In her talk, Amie acknowledges that art can seem like a frivolous pursuit when we are faced each day with the suffering of the world and global issues, that it can cause you to feel like making art isn’t important, and I do feel like that sometimes…ok, more than sometimes. Mcnee advocates for the importance of being creative in whatever form, that it can offer purpose, connection and sanctuary in a world that feels increasingly tumultuous. She encourages that creating art is important not just on a personal level but in the ways it can nourish and build community, offer meaning and therapeutic benefits that can help mental well-being.

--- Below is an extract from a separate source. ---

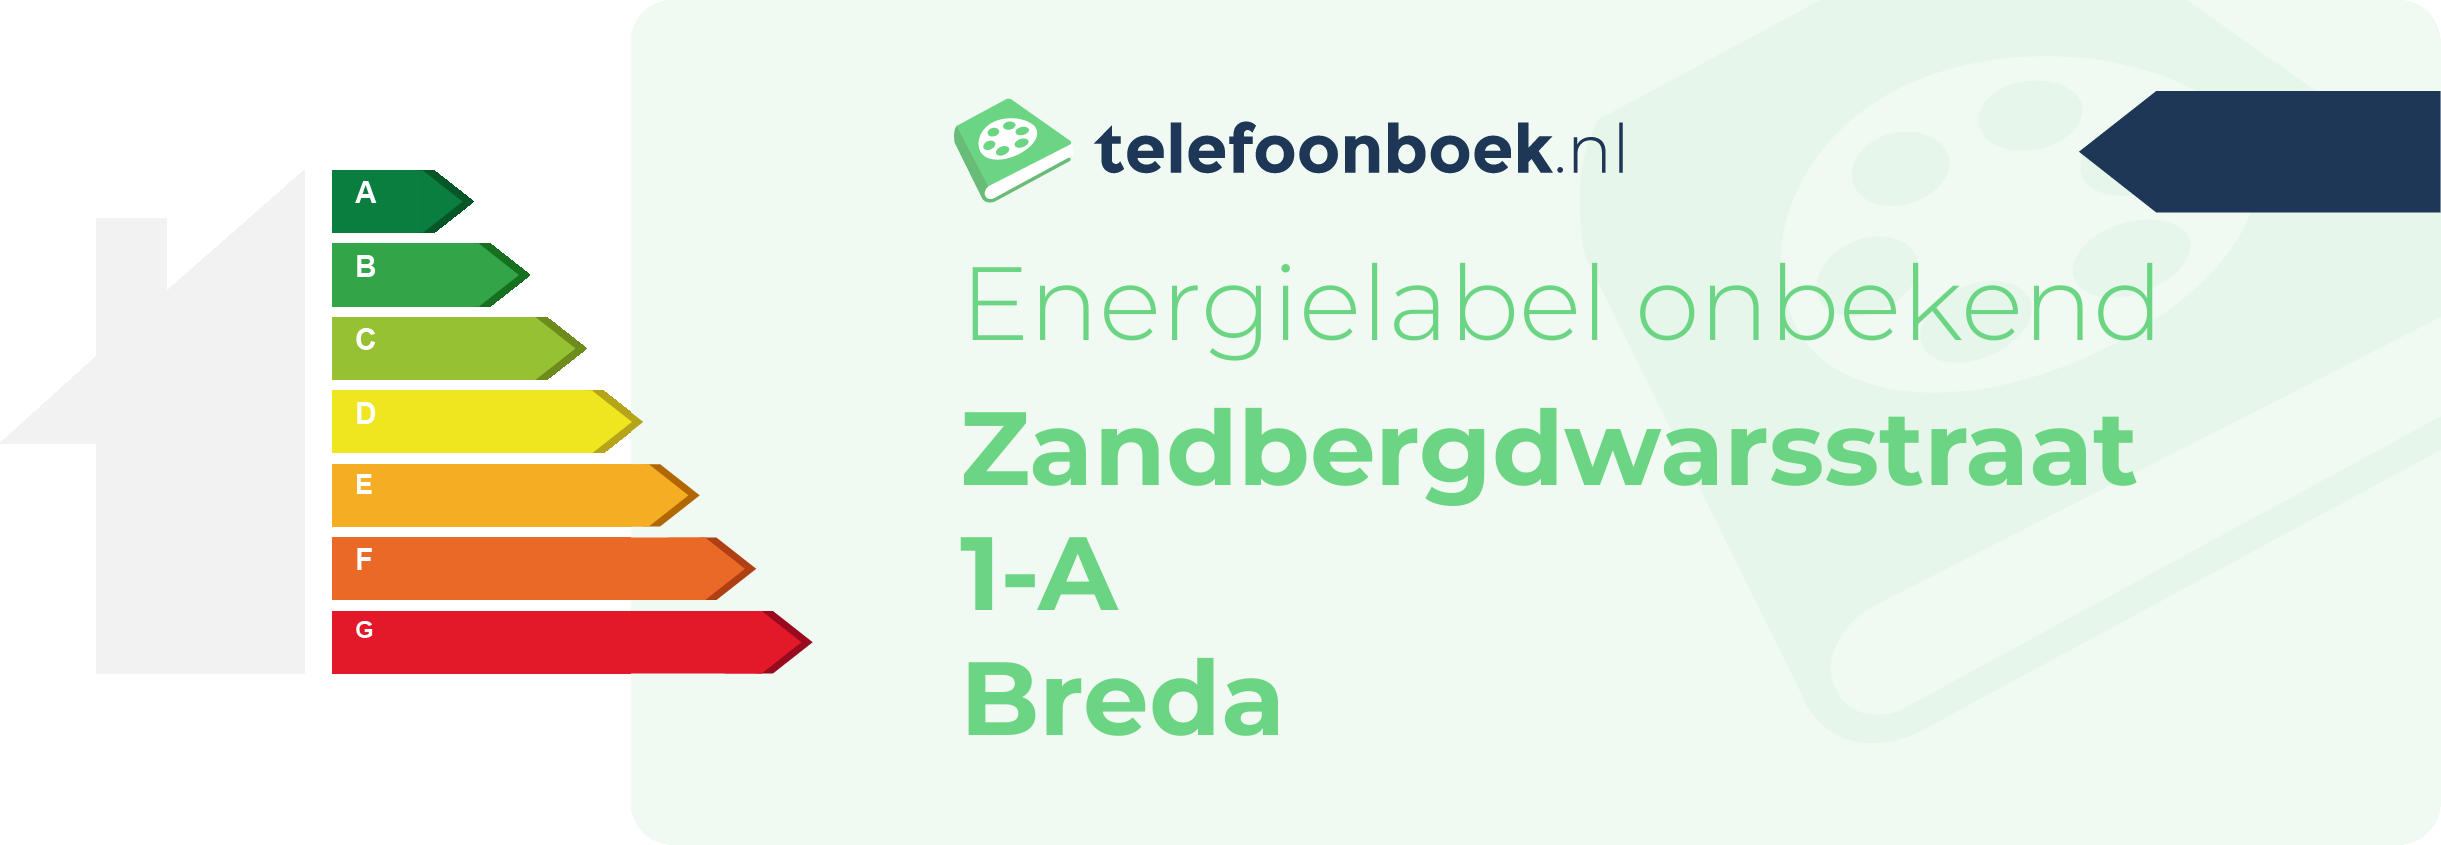 Energielabel Zandbergdwarsstraat 1-A Breda

Disconnecting from technology and reconnecting, to nature and each other by coming together in community, feels more important than ever. When so much seems set to drive us apart; physically, personally and from our natural habitat…we must resist…and perhaps create!
A doorway to new beginnings?
I am feeling increasingly called to find a way to give something through my creativity, maybe to facilitate others finding their way back to their innate creativity or through connecting and creating offer some therapeutic benefit? Maybe I could provide, even in a small way, sanctuary and community, a space in nature to disconnect from the noise of the human world and reconnect to the inner landscape where peace can be found.
I fear I may not be up for the task, but I’m pushing through those feelings anyway and trusting that a way will appear.


It feels like an act of resistance today to disconnect from technology and reconnect to nature, to put down your phone wander into the woods and sit with nature, with our true nature and to rest in the beauty of wild things.
As always…thank you for reading this artist’s musings.
Oh I feel a transformation coming on and I wonder what exciting idea you’ve been cultivating deep in the woods…? I totally relate to all of this Hannah, the world is so noisy and sometimes so utterly despairing. It feels so futile to be banging on about what I made and what I’m doing. I want real connections with compassion and empathy, to celebrate the beauty of humanity with real people. I want to chuck my phone into the sea, instead I’ve stepped back (not stopped completely) from social media and really tried to be a bit more present in my day to day. It’s a work in progress… 💚
Yes. Another way I've heard it said is "making art is the antidote to doomscrolling." The way to let go of technology's tight hold is to relax, make art, go into the woods, etc.